Use the following query to inspect the relation size information:
SELECT
relname,
relpages,
relpages * 8 / 1024 size_MB,
reltuples,
reltoastrelid,
pg_relation_filepath ( reltoastrelid )
FROM
pg_class
WHERE
relname IN ( 't2', 't3' );
Output:
relname | relpages | size_mb | reltuples | reltoastrelid | pg_relation_filepath
---------+----------+---------+-----------+---------------+----------------------
t2 | 1799 | 14 | 100000 | 40970 | base/16385/40970
t3 | 1126 | 8 | 100000 | 40975 | base/16385/40975
For this particular dataset, LZ4 not only runs faster but also produces a smaller result. That does not guarantee the same outcome for every real-world workload, but in this test it clearly has an advantage.
Update performance
The same pattern appears when updating the column values:
tmp01=# UPDATE t2 SET c1 = REPEAT('abc',1000);
UPDATE 100000
Time: 1026.617 ms (00:01.027)
tmp01=# UPDATE t3 SET c1 = REPEAT('abc',1000);
UPDATE 100000
Time: 456.406 ms
LZ4 benefits here both from faster compression and, in this case, from producing smaller compressed values, which can also help read and write performance.

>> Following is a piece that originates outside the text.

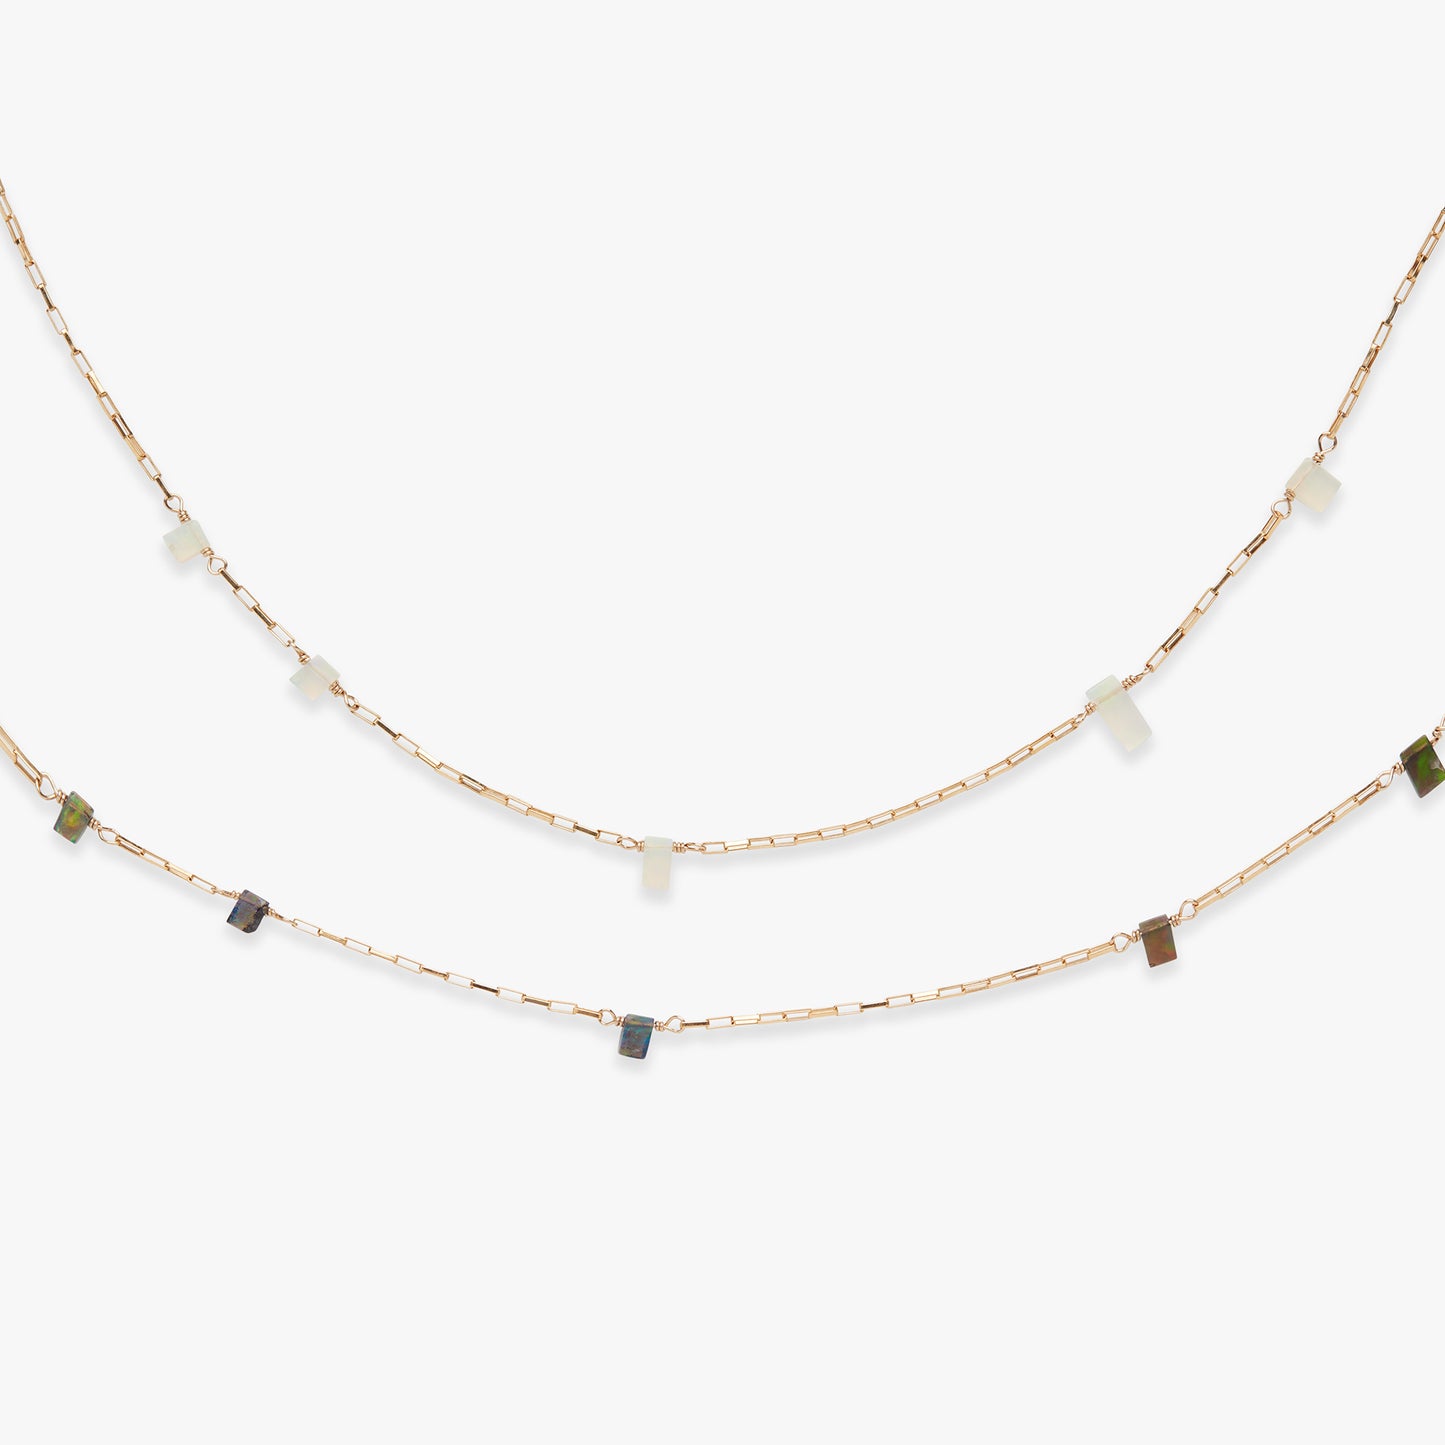 Opal Asymmetry necklace gold filled

What happens with random strings
Compression is not always applied. If the data is effectively random, PostgreSQL may decide that compression is not worthwhile and store the original value instead.
Create a helper function that generates random strings, then insert test data:
-- 创建 random_string 函数
CREATE
OR REPLACE FUNCTION random_string ( INT ) RETURNS TEXT AS $$ SELECT
array_to_string(
ARRAY ( SELECT chr( ascii( 'B' ) + round( random( ) * 25 ) :: INTEGER ) FROM generate_series ( 1, $1 ) ),
''
) $$ LANGUAGE SQL;
-- 插入数据
INSERT INTO T4 SELECT i, random_string(1000) FROM generate_series(1,100000) a(i);
Then inspect one row from t4 (which uses the same structure as t2):
tmp01=# SELECT ID, pg_column_compression ( c1 ) FROM t4 LIMIT 1;
id | pg_column_compression
----+-----------------------
1 |
(1 row)
An empty result from pg_column_compression means no compression algorithm was used. The value was stored as-is.

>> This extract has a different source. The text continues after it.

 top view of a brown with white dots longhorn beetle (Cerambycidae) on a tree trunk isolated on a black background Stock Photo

This is expected behavior: when PostgreSQL determines that compression would not reduce the data enough, it keeps the original form instead of forcing compression.
Checking storage strategy and compression metadata
pg_column_compression is convenient for looking at stored values, but you can also inspect a column’s storage policy and compression setting directly in the catalog:
SELECT
attrelid,
attname,
attstorage,
attcompression
FROM
pg_attribute
WHERE
attrelid IN ( 't2' :: regclass, 't3' :: regclass )
AND attname = 'c1';
Output:
attrelid attname attstorage attcompression
40967 c1 x p
40972 c1 x l
In this case, neither table explicitly changed the storage strategy at creation time, so both columns use the default x, which means extended: the value may be compressed and may also be moved to the TOAST table.

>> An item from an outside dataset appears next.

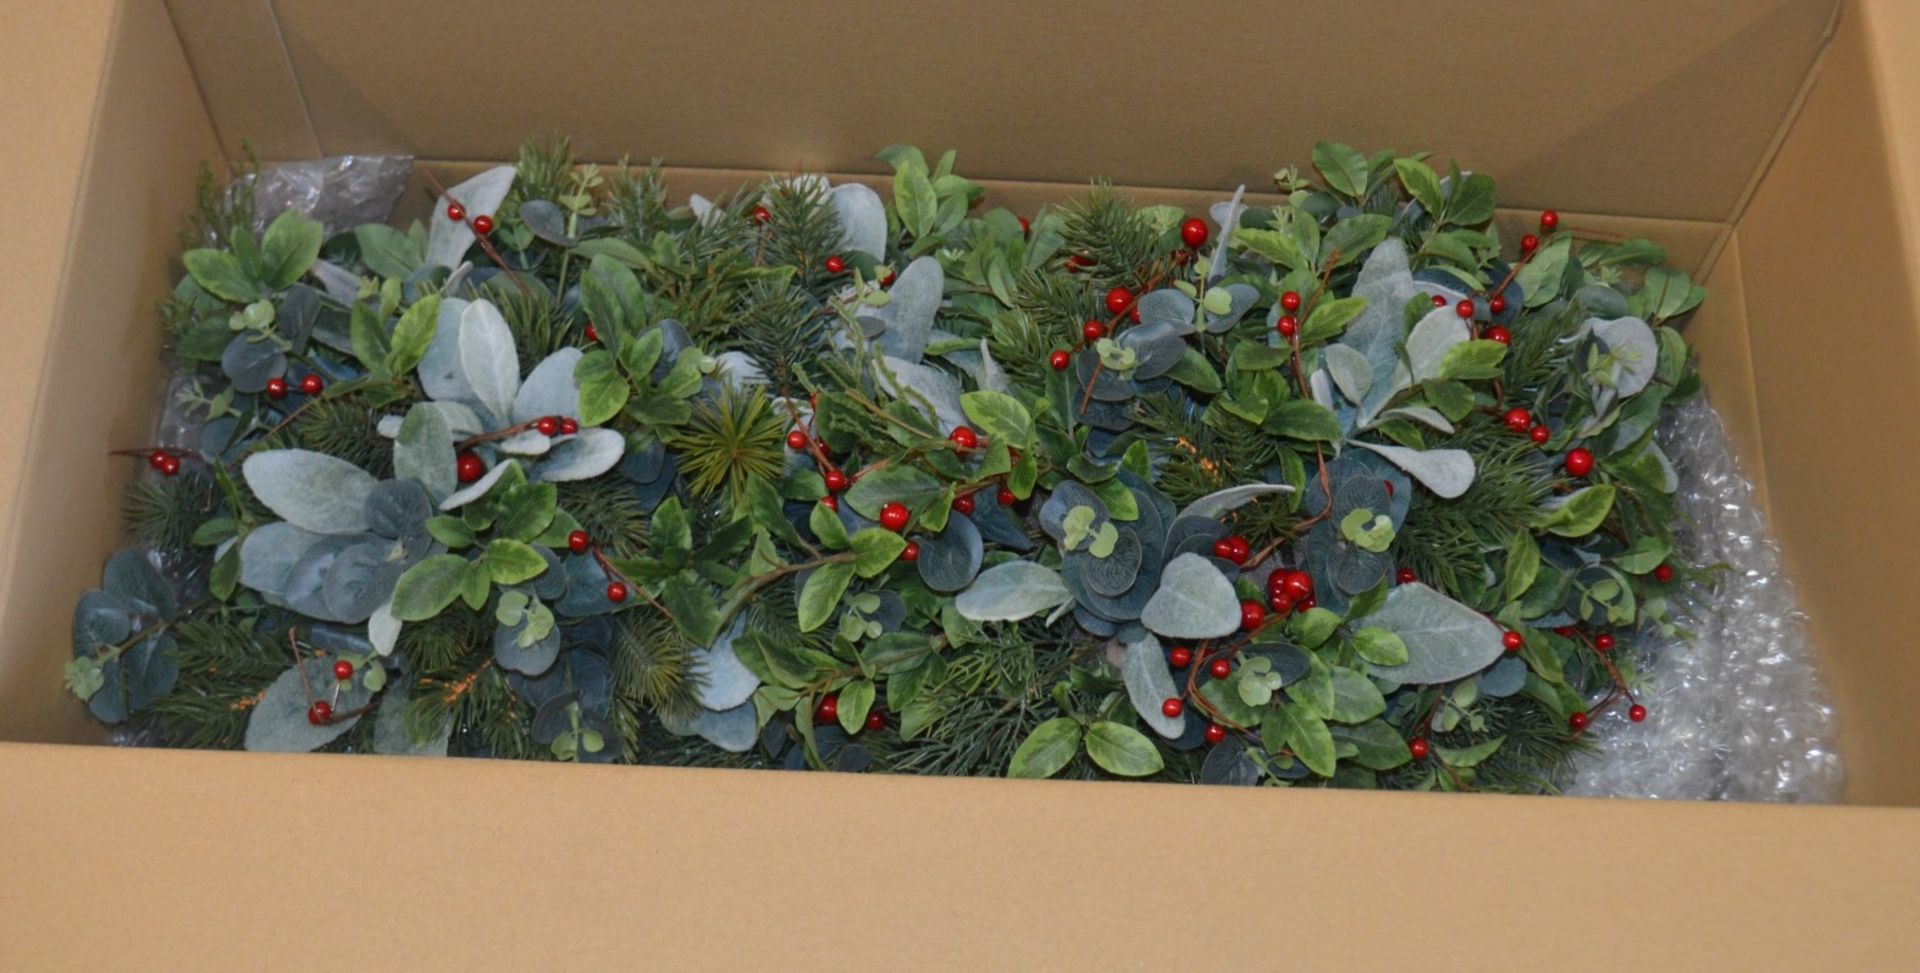 4 x Commercial Decorative Christmas Wreaths - Variety As Shown - Dimensions: 50 x 30cm - Ex- - Image 2 of 4

The compression codes are:
p: PGLZl: LZ4
The storage strategy codes are:
- p : plain
- x : extended
- e : external
- m : main
One important limitation is that these options only apply to variable-length data types. Fixed-size base types such as int do not support being moved out of line in this way.
Changing an existing column to LZ4
If a table already exists, you can switch the column’s compression setting like this:
ALTER TABLE t4 ALTER COLUMN c1 SET COMPRESSION lz4;
That change only affects rows written after the setting is changed. Existing rows keep their previous compression behavior, which can be verified with pg_column_compression.
For workloads with compressible text data, PostgreSQL 14’s LZ4 support is worth serious attention. In the test shown here, it improves write speed substantially and also reduces storage size, though the exact gain still depends on the shape of the data itself.